Au travers du film « La guerre du lait » (Ndlr : vidéo de la bande-annonce + lien vers le film entier en fin de texte), Guy Chapouillé retrace cette lutte paysanne contre cette injustice et surtout rafraîchit notre mémoire. 45 ans plus tard que reste t-il de cette action? Il faut bien admettre que les générations de paysans qui ont suivi n’ont pas su retenir les leçons, bien mal leur a pris !
Feu Alexis Gourvennec disait « l’agriculture a vocation de fournir l’industrie », chacun comprenait que l’agriculteur était l’allié né de l’industrie alors que M. Gouvennec voulait dire que l’agriculteur sera aliéné par l’industrie, ce qui ne veut pas dire la même chose et surtout n’a pas les mêmes conséquences : le produire toujours plus était en ordre de marche ! Depuis la fin des années 70 l’Agriculture a changé de dimension, en mieux ? Toujours est-il que les fermes d’alors n’ont rien à voir avec celles d’aujourd’hui. Force est de constater que l’agriculteur est de plus en plus dépendant de l’industriel , tant pour sa façon de produire que pour la commercialisation de ses produits : le paysan est industriel-dépendant, et le problème de sa rémunération demeure.
1984, on impose aux paysans les quotas laitiers, et le moins que l’on puisse dire est que la pilule fut dure à avaler pour certains et pourtant… La question que l’on doit se poser, encore aujourd’hui, est : Pourquoi l’Europe a décidé de mettre en place les quotas laitiers ? En 1984, l’Europe croule sous le poids des stocks de beurre et de poudre de lait, déjà la surproduction ! Ce qui a un coût exorbitant, devant l’imminence de la catastrophe deux choix sont possibles ;
1) instauration de quotas laitiers afin de réduire la production pour assainir le marché.

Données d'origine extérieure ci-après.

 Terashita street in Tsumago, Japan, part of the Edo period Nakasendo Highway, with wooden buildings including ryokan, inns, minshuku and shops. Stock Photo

2) le laisser faire, c’est le marché qui va assainir tout cela.

L’Europe choisit l’option des quotas afin d’assurer un revenu aux paysans et, par la même occasion, de préserver un nombre certain de paysans. La voie du laisser faire aurait été désastreuse économiquement et socialement pour les paysans et l’ensemble de la société. Après ce constat , il est facile de comprendre que depuis le 1er avril 2015, date de la fin des quotas laitiers, tout ce qui se passe était prévisible, pourquoi voulez-vous que ce qui ne marchait pas avant les quotas laitiers marche après les quotas laitiers : les mêmes causes produisent toujours les mêmes effets.

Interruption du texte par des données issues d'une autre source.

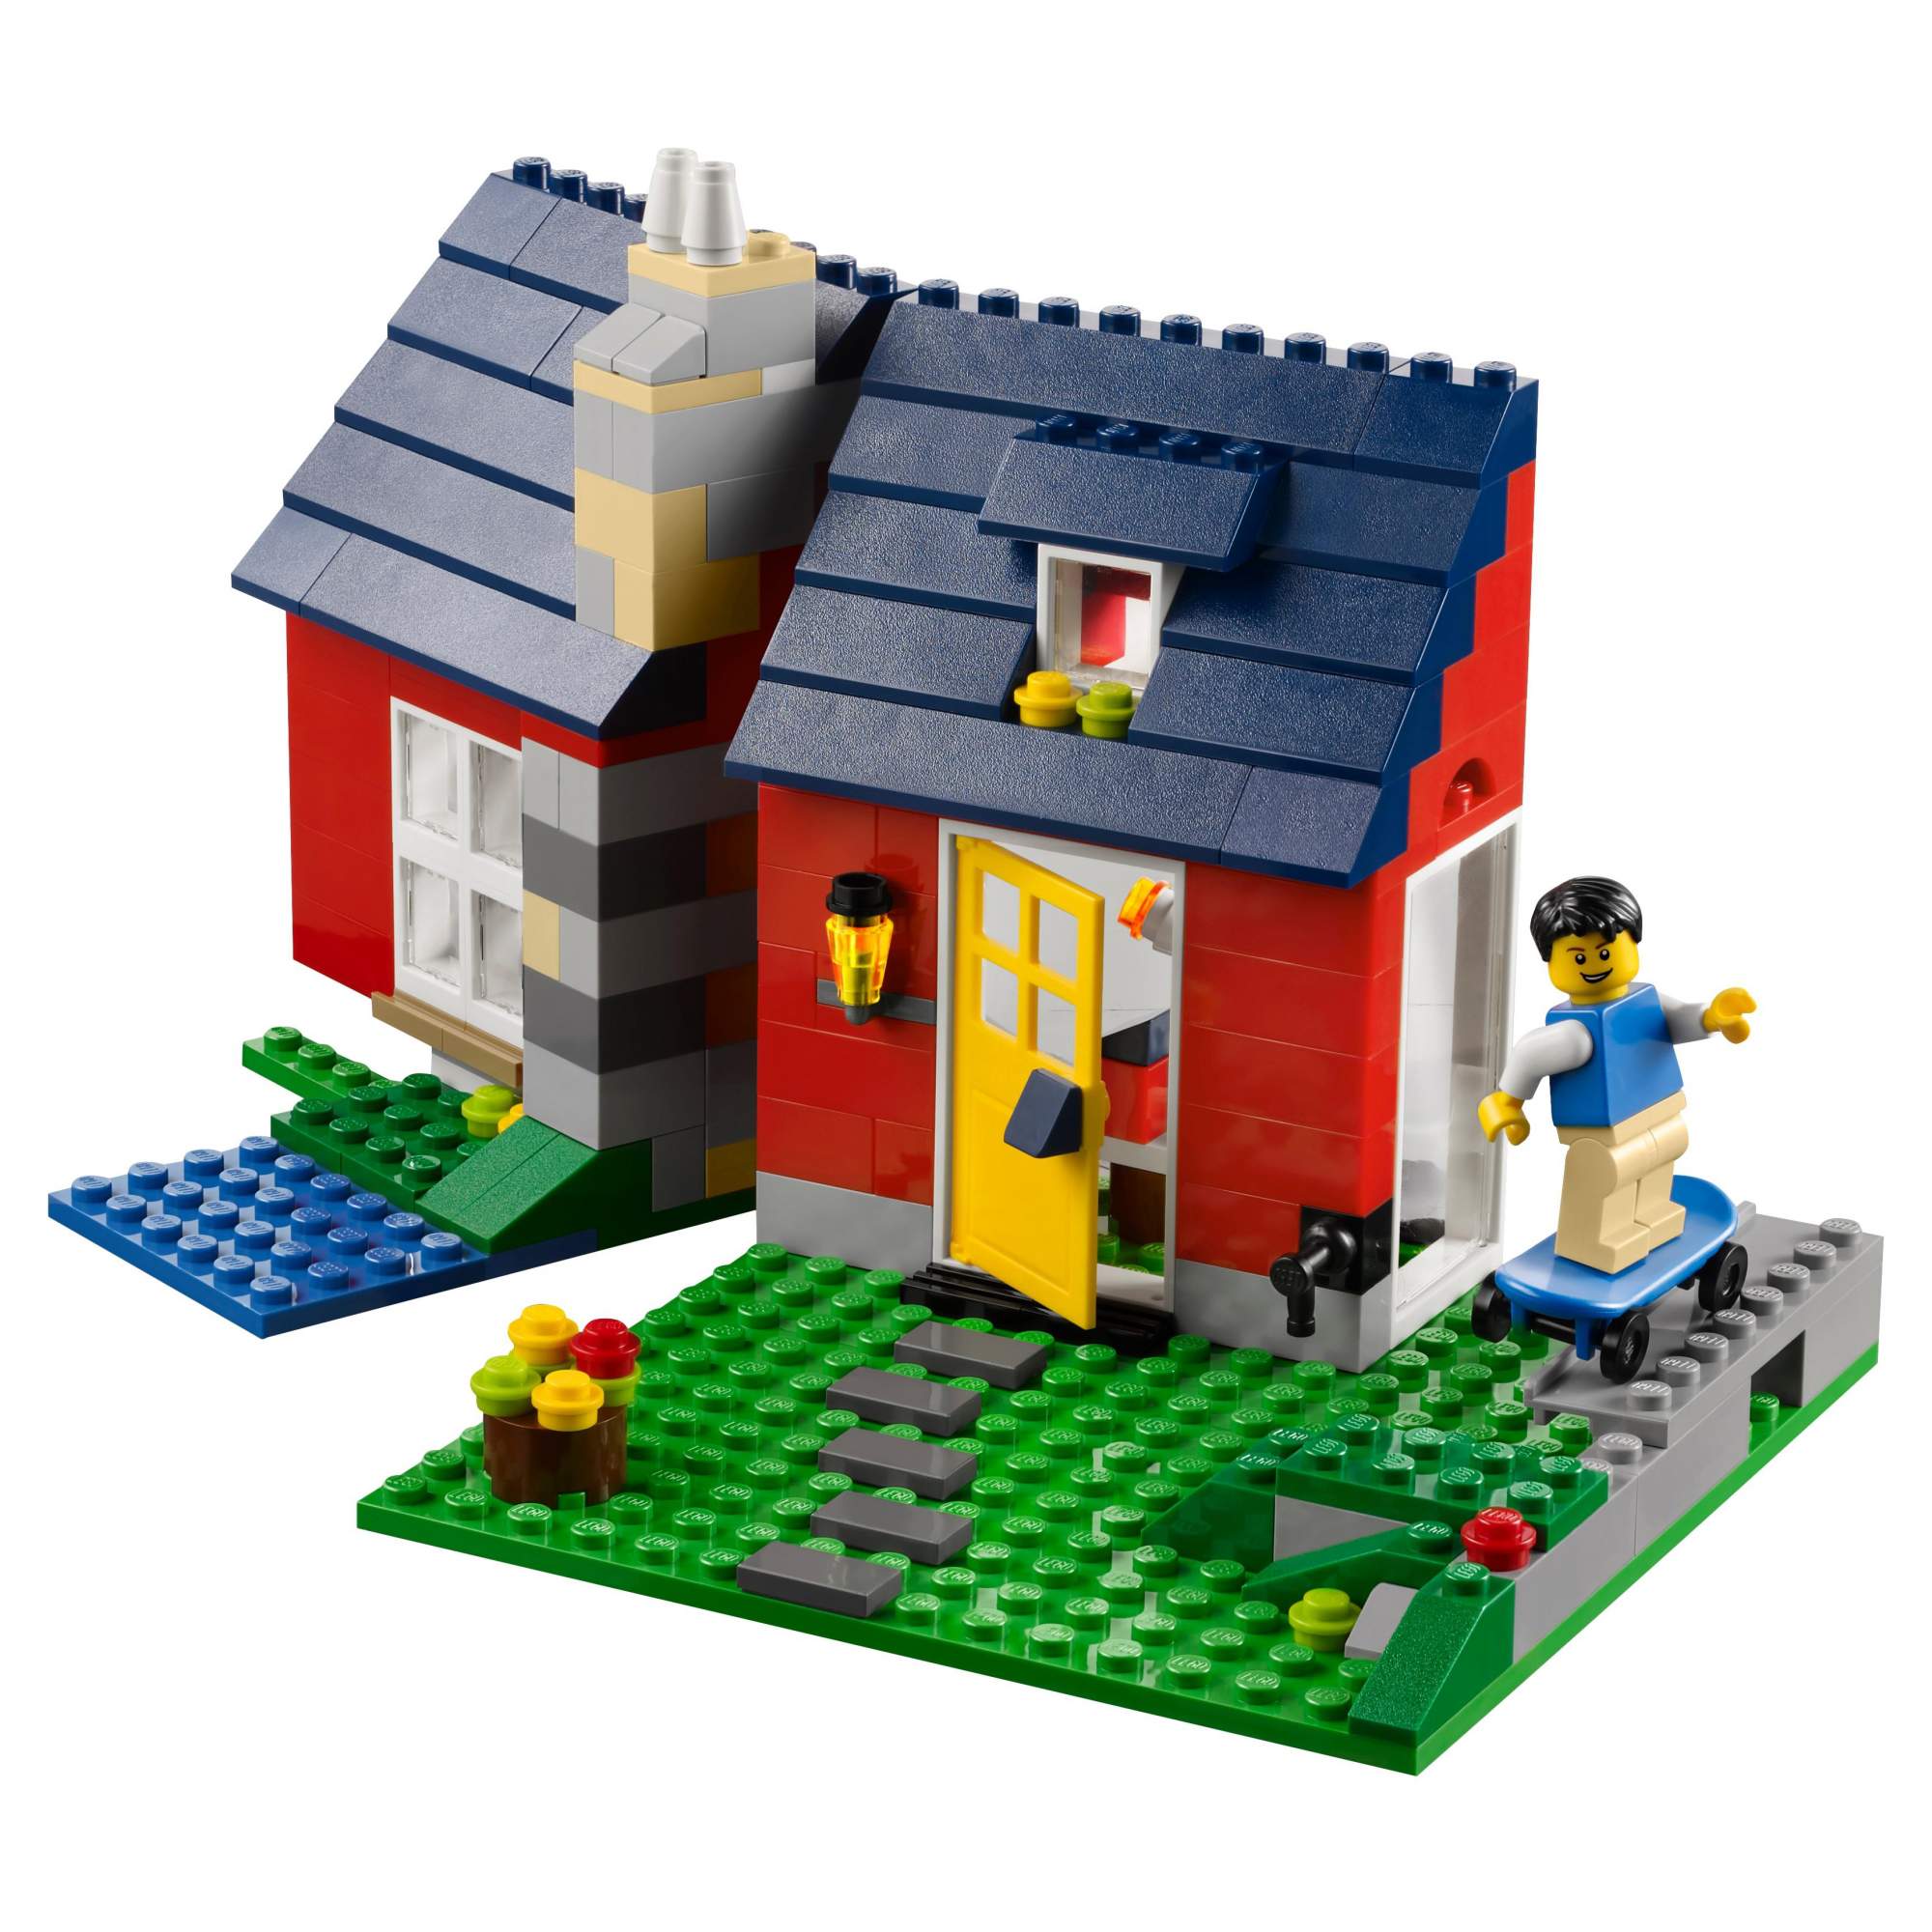 LEGO creator 31009

1984, donc, mise en place des quotas laitiers et finalement la catastrophe telle qu’annoncée par les libéraux ne se produit pas, bien au contraire. Les paysans ont une rémunération, restent nombreux et sur tout le territoire, les industriels, quant à eux, s’adaptent fort bien à ce système. Une économie, à l’échelle de l’Europe, se mettait en place et un équilibre certain était trouvé. C’était sans compter sur le besoin d’impérialisme des libéraux à qui il faut toujours plus. Ils ont sans cesse œuvré contre les quotas laitiers jusqu’à faire « sauter le verrou » le 1er avril 2015. Trois mois et demi plus tard donc, en juillet 2015, grosses manifestations en France contre les prix des produits agricoles payés aux producteurs ; on allait voir ce qu’on allait voir ! Et si rien ne bougeait, promis, juré, en septembre « ça va barder, comme jamais ! », rien ne bouge ! Septembre 2015, grande procession de tracteurs à Paris, un vrai show à l’américaine, résultat? Des broutilles. Janvier 2016, la France est quasiment prise en otage avec souvent des comportements dignes de voyous, et là, toujours rien ! Depuis l’après guerre il suffisait aux paysans de « gueuler » un bon coup et les choses rentraient dans l’ordre et bien, pas cette fois-ci : l’éradication des paysans est bien en route…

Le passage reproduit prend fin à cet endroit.